Does Mathematics Progress?

Introduction

With the beginning of a New Year—2026 in one system of counting, though not all societies use the same calendar—many people take the opportunity to examine how their lives changed or progressed during the course of the prior year. Some relate this to the observation that an unexamined life is not worth living. Not only can one examine one's own life for how it progresses with time, one can also examine the different areas of knowledge that humans have named and have studied both from the perspective of history, and how this knowledge can assist us in leading our lives. Here I take a small look at how mathematics, viewed as a body of knowledge has progressed, changed, or evolved.

Progress viewed historically

There are currently about 8.3 billion humans inhabiting the earth, a dramatically different number from what was the case only 100 years ago, and in the more distant past, 2026 years ago. Think for our purposes of a mathematics aficionado who we'll nickname Tangent Sphere Projection (TSP for short). But wait, isn't TSP short for the Traveling Salesperson Problem—that is, finding the shortest-measure (in time, distance or cost) route that starts and ends in the same location and visits a collection of sites once and only once? Sorry, Tangent!

Tangent and I often go off on tangential thinking, say thinking about where we fit into this bigger picture of 8.3 billion people. A person might start with thinking about where they fit into the world in geographical terms. TSP might think about their current location—starting with small geographical terms rather than large ones. They live in an apartment, in a building with 12 floors, and 6 apartments per floor. The apartment building is in a neighborhood where there are few other apartment buildings, there being mostly one family houses in this neighborhood. But if the person lives in New York City, that large city is made of 5 parts called boroughs, so perhaps they live in the neighborhood called Bayside in the borough of Queens. But why stop at the city one lives in? New York City lies within the state of New York, which at the current time is one of 50 states making up the United States.
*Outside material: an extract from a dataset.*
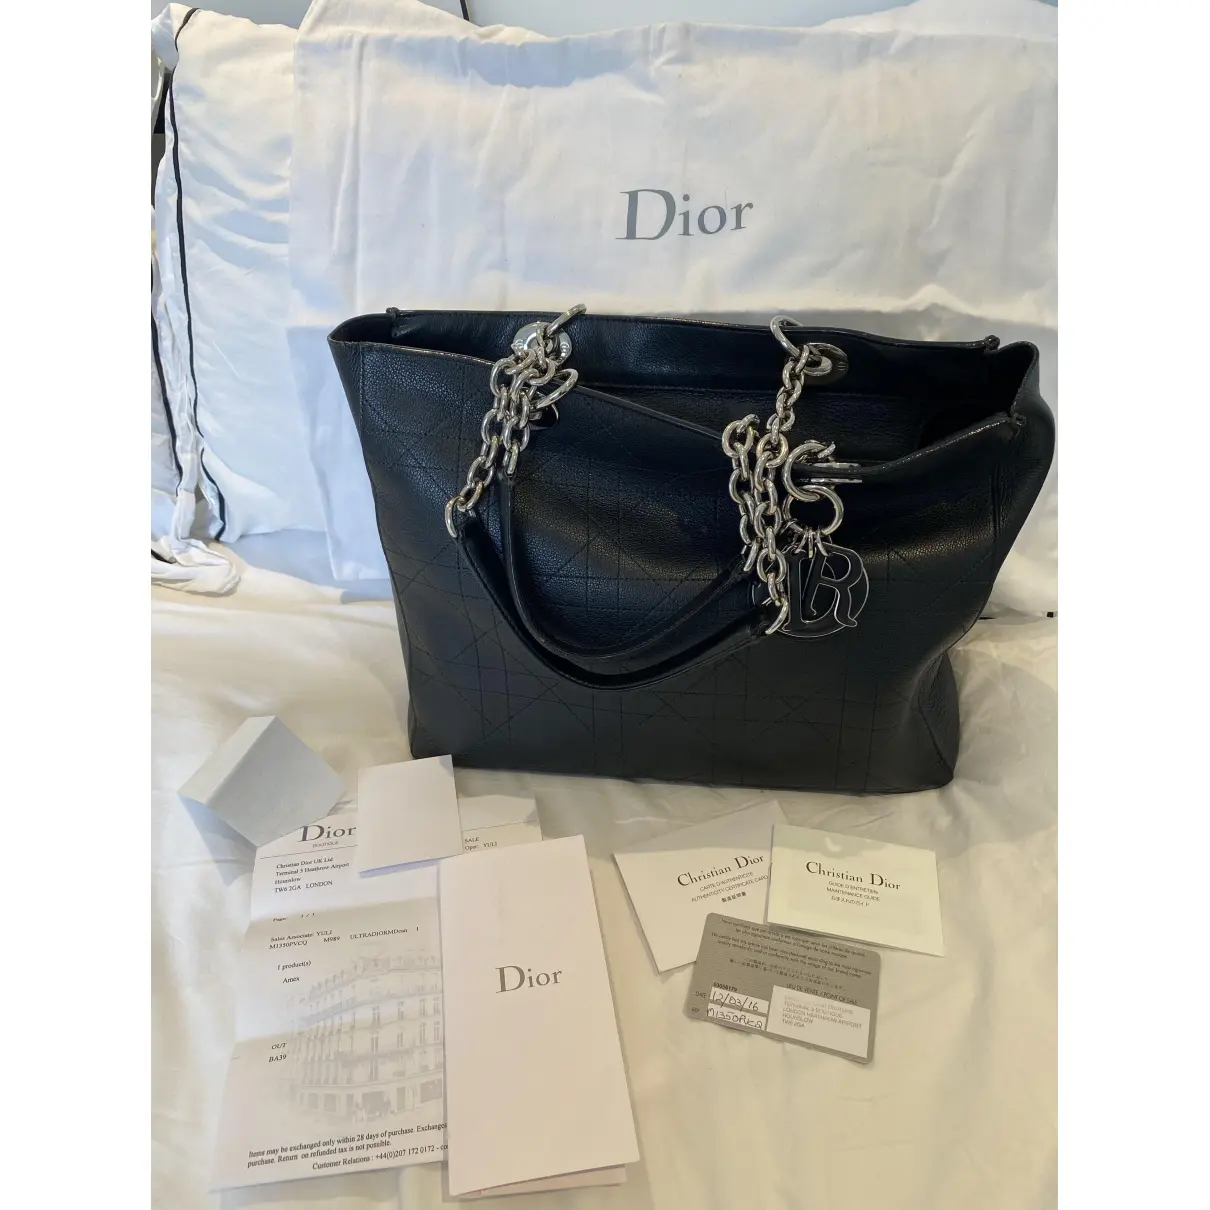 Buy Dior Dior Panarea leather tote online

But let us not stop with a country, but situate the USA in North America, which lies in the Western Hemisphere on Earth, which is one of 9 planets (old timers like me still think of Pluto as a planet even if some scholars have now downgraded it from that status), in the solar system of a small star, which often is referred to as the Sun, but which is a star in the Milky Way galaxy. The closest star to earth after the Sun is Proxima Centauri. So TSP lives in various domains, some small and some gigantic.

The purpose of this perhaps tangential (to the issue of Mathematical Progress) discussion is to try to hint that when thinking about the issue of mathematical progress, one has to set the question in time and context. As the Feature Column tries to suggest, mathematics is a complex and multifaceted subject.

What do I reference with this term multifaceted? I am alluding to the idea that polyhedra have different surface regions known as facets, and that polyhedra with more facets are more complex than the simplest polyhedron. This simplest polyhedron is the tetrahedron, which has only 4 facets. In the case of the regular tetrahedron all four of the faces are congruent equilateral triangles.

Five polyhedra, known as Platonic Solids, made up of congruent regular polygons, shown as possible dice for use in a game. The tetrahedron shown on the left consists of 4 equilateral triangles. Image courtesy of Wikipedia.

Different human societies use different languages to communicate among themselves - there are approximately 7100 different languages being used in the world today. All societies have at different times in history found it convenient to count, but the systems used to represent numbers has changed. Thus, for the Romans, 2026 was not written that way but as MMXXVI. Roman numerals are not a place notation system of the kind that is now universally used in carrying out mathematics. In a place notation system there are a fixed number of symbols, often called digits; by way of example, say 4 digits (say *, #, & and $) where the symbolic expression #**& represents a different number from &***# because the symbols read from left to right vary. The number of digits used in the system is referred to as the "base" of the number system. The number represented by #**& is # multiplied by the base times itself 3 times added to * multiplied by the base times itself 2 times added to * multiplied by the base times itself once added to &. Today we use the bases 10 and 2 almost exclusively; for example, 1345 in base ten stands for the number in words one thousand three hundred forty five, while the same number in binary would be written as 10101000001. At the hardware level, typically computers use a binary system of representation. For large numbers, the binary system uses more symbols than decimal but the rules for adding and multiplying the symbols is simpler than it is for decimal. A multiplication table in binary is a 2x2 table (matrix or array) while in decimal the multiplication table is a 10x10 table.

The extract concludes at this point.